Generally I find that there are two mechanisms on the GPU that tend to somewhat enhance the accuracy of single-precision computations compared to most CPUs:
(1) Use of FMA (fused multiply-add) is ubiquitous. Compared to separate FMUL/FADD still predominant on x86 CPU, this reduces rounding error, and protects against certain cases of subtractive cancellation that involved products. The latter is actually responsible for most of the improvement in codes that I have studied in detail.
(2) The fact that reductions on the GPU typically involve a tree pattern instead of a linear pattern tends to improve the accuracy of resulting sums since the likelihood of operands of similar magnitude being added is increased.
However, for iterated or complex computations there are often numerical effects that are difficult to anticipate if one is not a trained numerical analyst. These are questions like: What is more accurate, 1.0/sqrt(x) or sqrt(1.0/x)? While I know the answer to this and similar scenarios based on many years of practical experience, I am still surprised many times when I experiment to find the most favorable arrangement (in terms of accuracy) of a particular computation.

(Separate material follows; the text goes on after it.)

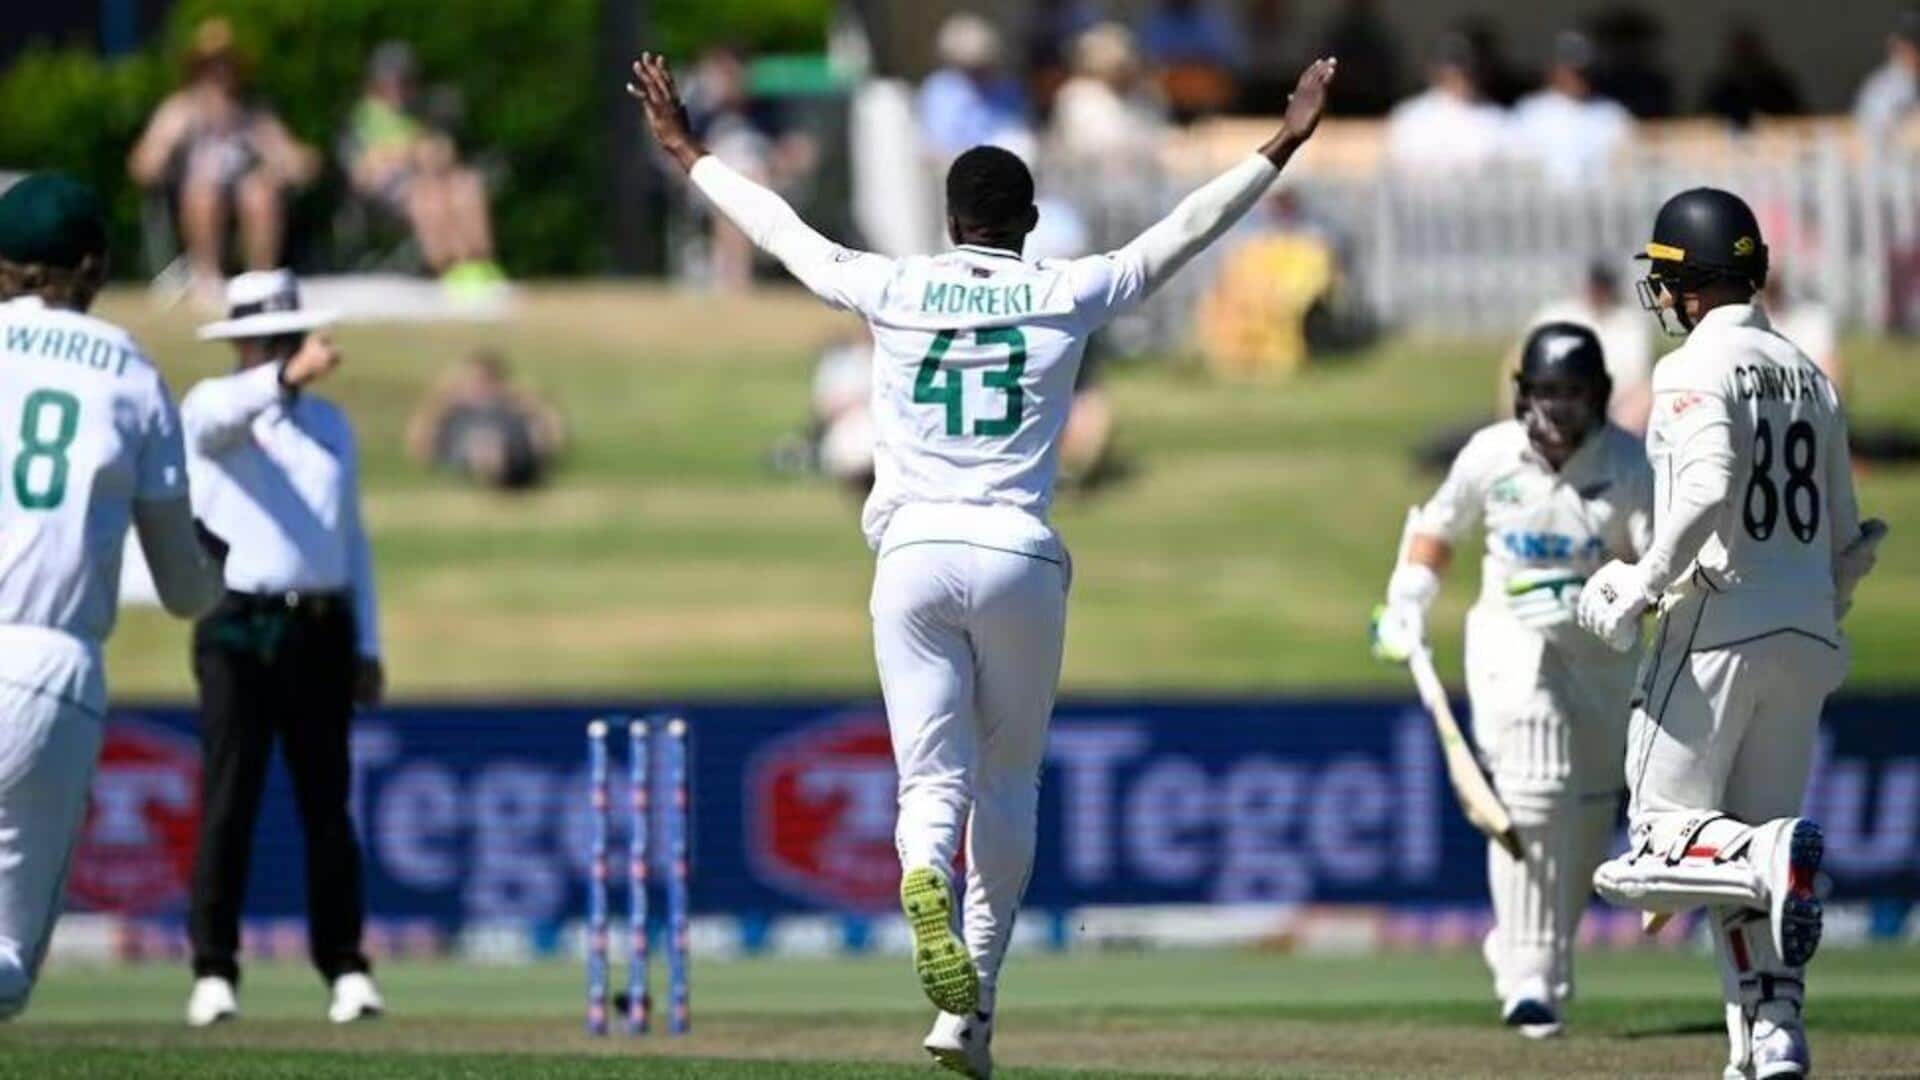 SA's Moreki claims wicket off first ball, joins this list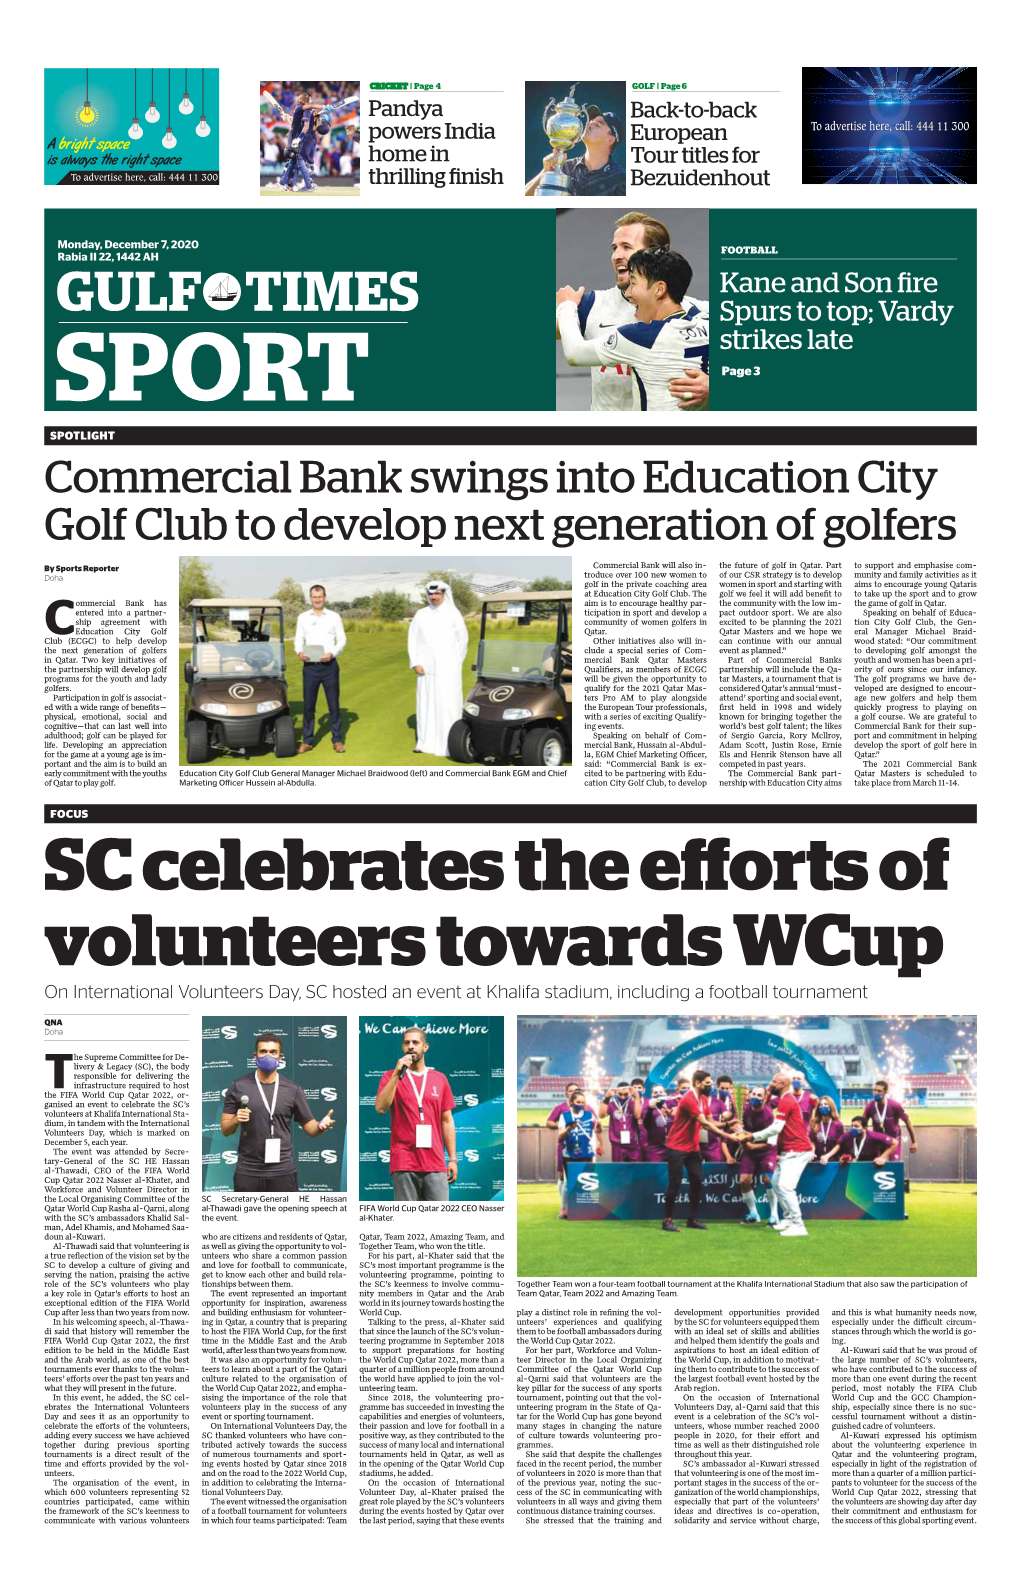 SPORT Page 3 SPOTLIGHT Commercial Bank Swings Into Education City Golf Club to Develop Next Generation of Golfers

I would therefore encourage meaningful experiments against high-accuracy references. I am partial to double-double and arbitrary precision computations as reference, even though they are time consuming. I am extraordinarily cautious with same-precision comparison against other software packages or processors. Einstein supposedly stated: The man with one watch always knows what time it is, the man with two watches can never be sure.
In the past dozen years or so, there have been multiple useful publications (mostly by French authors) that examine the utility of compensated sums, compensated dot products, compensated polynomial evaluation, and the like. The techniques covered can be very helpful in eliminating crucial “accuracy bottlenecks” in computation, similar to the way in which AMBER combines single-precision computation with 64-bit fixed-point accumulators. An added bonus is that many of the techniques benefit from the presence of FMA.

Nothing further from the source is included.